Cybersecurity experts and intelligence chiefs acknowledge that the US government is under constant attack from professional hackers abroad, many of whom are aligned with, if not directly contracted by, the hostile nations that Biden’s new executive order aims to repel. Privacy advocates have long argued that, given this reality, it’s a counterintuitive strategy to allow the US government to remain one of the data broker industry’s top customers.
Notably, the efforts of US agencies to shore up their own cyber defenses against foreign threats are routinely revealed to be behind schedule, as has been the case for the past decade. Major hacks in recent years have targeted agencies whose biggest asset is personal information, including the Internal Revenue Service and Office of Personnel Management.

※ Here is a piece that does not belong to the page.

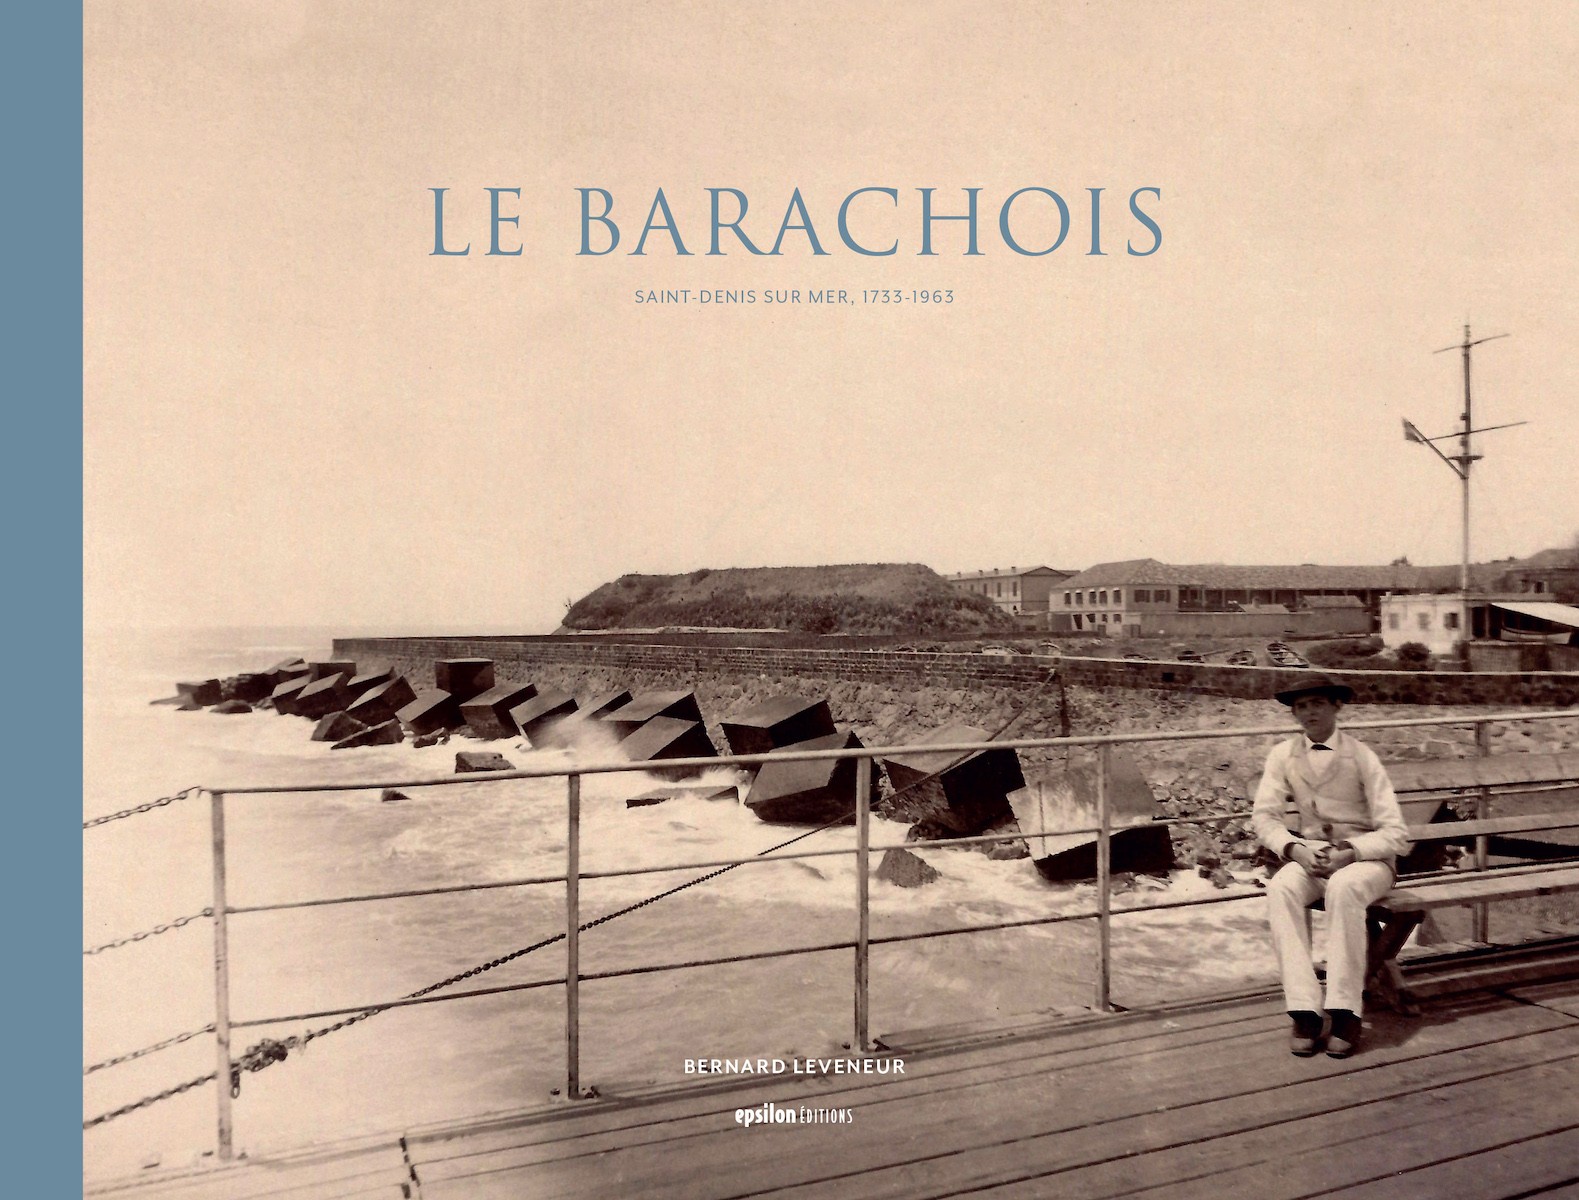 Le Barachois – Saint-Denis sur Mer, 1733-1963

Data has not found a safe space in the hands of US spies either, with a former intelligence officer sentenced to 40 years in prison this month over what prosecutors called the “single biggest leak” in the history of the Central Intelligence Agency—data that was successfully stolen and delivered to WikiLeaks, which, like Biden’s “countries of concern,” the US government has accused of espionage.
In February 2022, the government’s own accountability watchdog reported publicly that agencies responsible for safeguarding critical infrastructure, including nuclear plants, dams, and emergency services, were among those that had failed to adopt even the procedures needed to determine how protected or vulnerable they really are.